By Derick Fay, University of California, Riverside §

Located in what is now the Eastern Cape Province of South Africa, the Haven Hotel is nested within concentric circles of settler demarcation. With changes in South African society, the projects represented by these demarcations have shifted over time. The hotel occupies a space historically designated for white recreational use within a State Forest turned Nature Reserve, which itself sits within a region formerly set aside as a “reserve” for African laborers rather than white settlers.  This essay excavates this site through a series of historical vignettes from the 1870s, prior to direct colonialism, to the late 2000s, as a way of exploring the uneven spatial and temporal (dis)continuities and spatial contradictions of settler colonialism.

The coastline of the region, most commonly known by its homeland-era designation as the Transkei (literally “across the Kei River” from the metropolitan Cape Colony), is a mosaic of rocky bluffs, sandy beaches, low dune forests and estuaries.  At the mouth of the Mbashe River stand the Cwebe and Dwesa Forests, spanning approximately 18 km of coastline, and extending inward for 3-5 km.

Before any whites had settled around Cwebe, colonization was affecting the landscape.  The earliest colonial records and oral histories converge in describing the forests as a site of refuge from the upheavals brought by white settlement in the Cape Colony to the west.  The colony’s frontier had been gradually moving eastward through a series of wars over the previous century; the latest had driven the Xhosa King Sarhili east across the Kei.  One can imagine a scene from May 1878: artillery shells from a Royal Navy vessel offshore toppling trees, sending clouds of dust and fire rising over the Indian Ocean, while a band of young Xhosa men hid deep within the coastal forest known as Cwebe, after days of pursuit by British troops and their African allies.  Many of these Xhosa men would have known the forest from a more peaceful time, as part of hunting parties accompanying the now-fugitive Xhosa Chief Sarhili.  Bushbuck, reedbuck, and even buffalo could be found in the forest, but today they would only have time to check a few snares for duikers, before fleeing the eastern end of the forest, across the Ntlonyane River, to evade their pursuers.

 

Imagining Plantations, Planting Tourism, ca. 1880-1940

The colonial period brought a new zeal for commercialization of the forests that had nominally come under colonial authority after the defeat of Sarhili’s troops in 1878.  In the late 1880s, German-born forester Caesar C. Henkel visited the area following his appointment as the first Conservator of Forests for the Transkeian Territories, eager to develop the newly-acquired land.  After the war, Africans had reoccupied the pockets of grassland within the forests.  But at Cwebe, this clashed with Henkel’s vision of commercial exploitation by whites.  By the early 1890s, he called for the expulsion of Africans residing in the forests, and hailed the commercial potential of the forests and the pockets of grassland within the demarcated areas, writing that with the removals, “the Government has thus acquired most valuable areas, suitable for the cultivation of sugar-cane, coffee, tea, [and] mangos” (Henkel 1893:136, cited in Fay et al. 2002: 53).

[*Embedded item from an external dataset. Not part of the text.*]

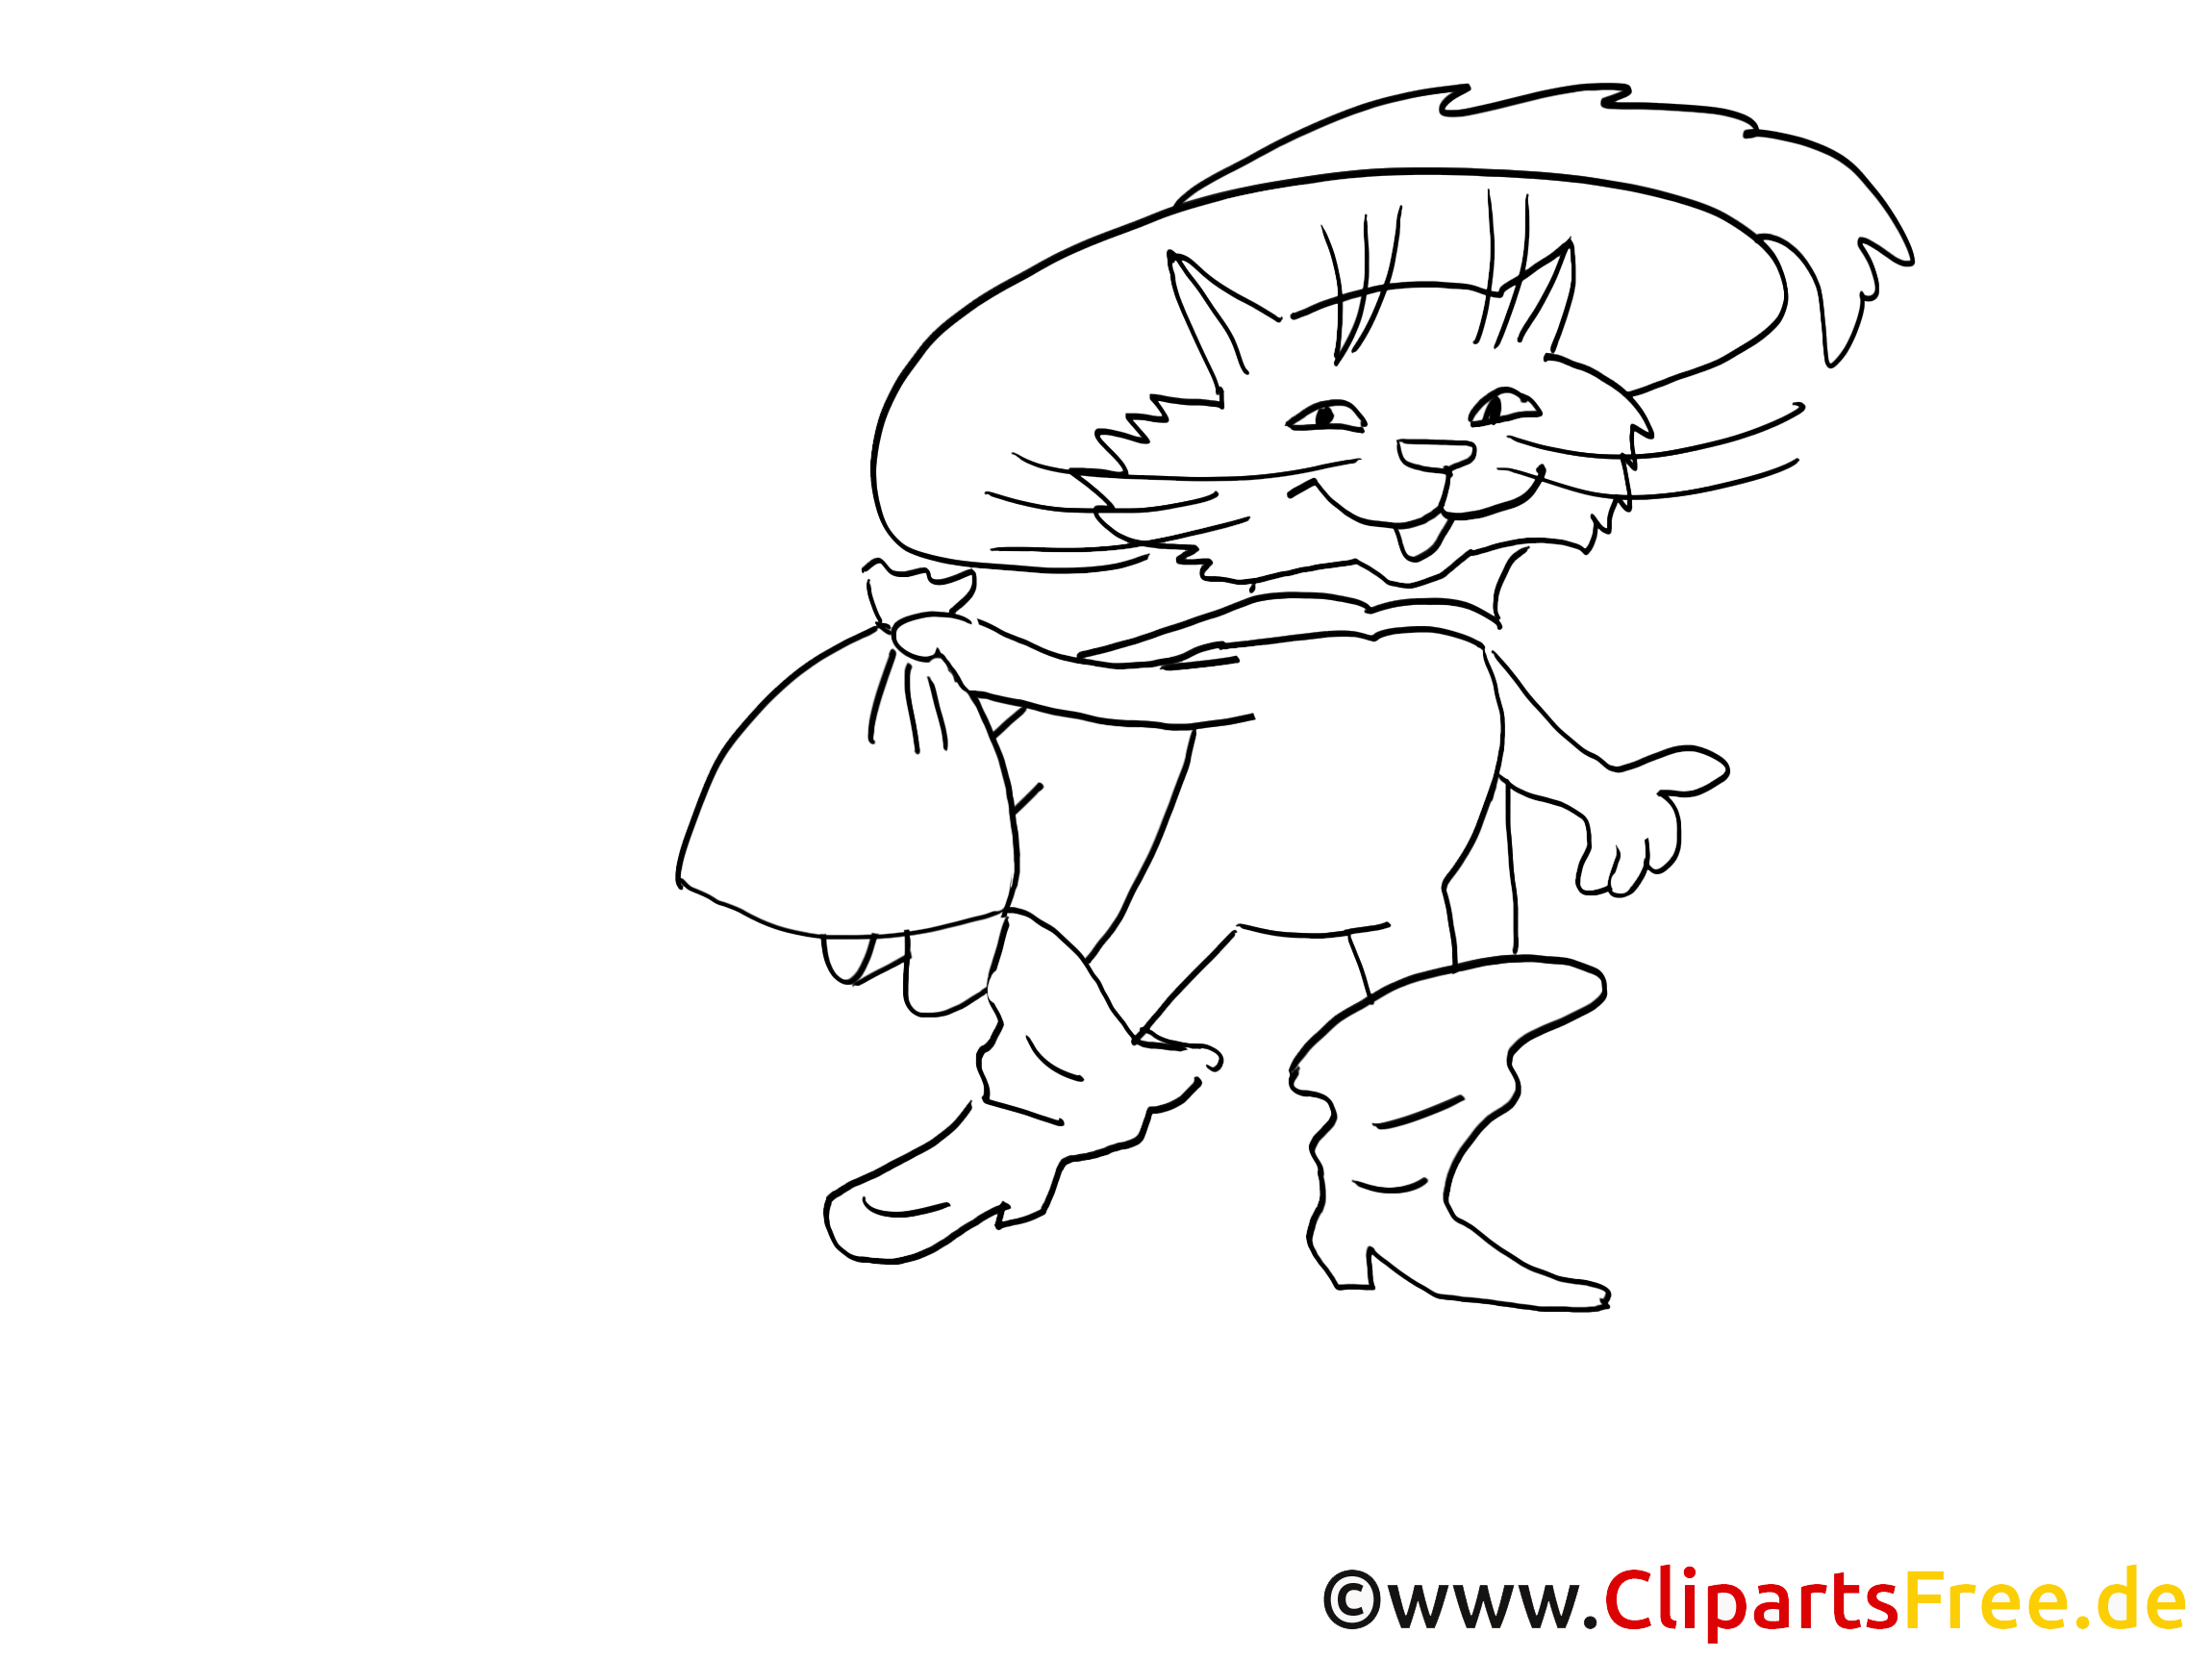 Иллюстрация кот в сапогах 2 класс. Раскраска кота в сапогах из сказки Шарля Перро. Кот в сапогах рисунок для детей.

This enthusiasm was part of a vision that extended across the region.  Henkel would go on to author a volume aimed at attracting prospective settlers to the Transkei (Henkel 1903), “imbued with optimism and the promise of progress” (Beinart and Bundy 1987: 6), and envisioning a landscape where “natives” both human and botanical will give way to settlers.  His chapter that includes recommendations on planting, (“The Farm, the Orchard, the Kitchen and Flower Garden in the Transkeian Territories,” pp. 79-100) is strikingly indifferent to the origins of the plants he put forward for cultivation.  He recommends such exotics as eucalyptus, lantana, guava, bougainvillea, canary creeper, loquats, hedychia, oleander, pampas grass, among many others.

henkel1903-fruit-ad

Henkel’s 1903 volume included pages of advertising at the back, including his son’s nursery in Umtata (p. XI) and another seller of imported fruit trees (p. XII)
Henkel’s 1903 volume included pages of advertising at the back, including his son’s nursery in Umtata (p. XI) and another seller of imported fruit trees (p. XII)

In practice, by the 1930s, Henkel’s commercial vision met with little success at Dwesa-Cwebe, given the remoteness of the region, and overarching state policies that favored keeping the region as an African labor reserve.  The plantations he had imagined had not taken root, nor had commercial exploitation of the forest: the Forest Department’s 1931 Annual Report would describe Cwebe as among “the only forests to remain unscathed” (cited in Fay et al.: 56); firebreaks were maintained, but the distance from potential markets meant that only a few species had been commercially exploited, with little success.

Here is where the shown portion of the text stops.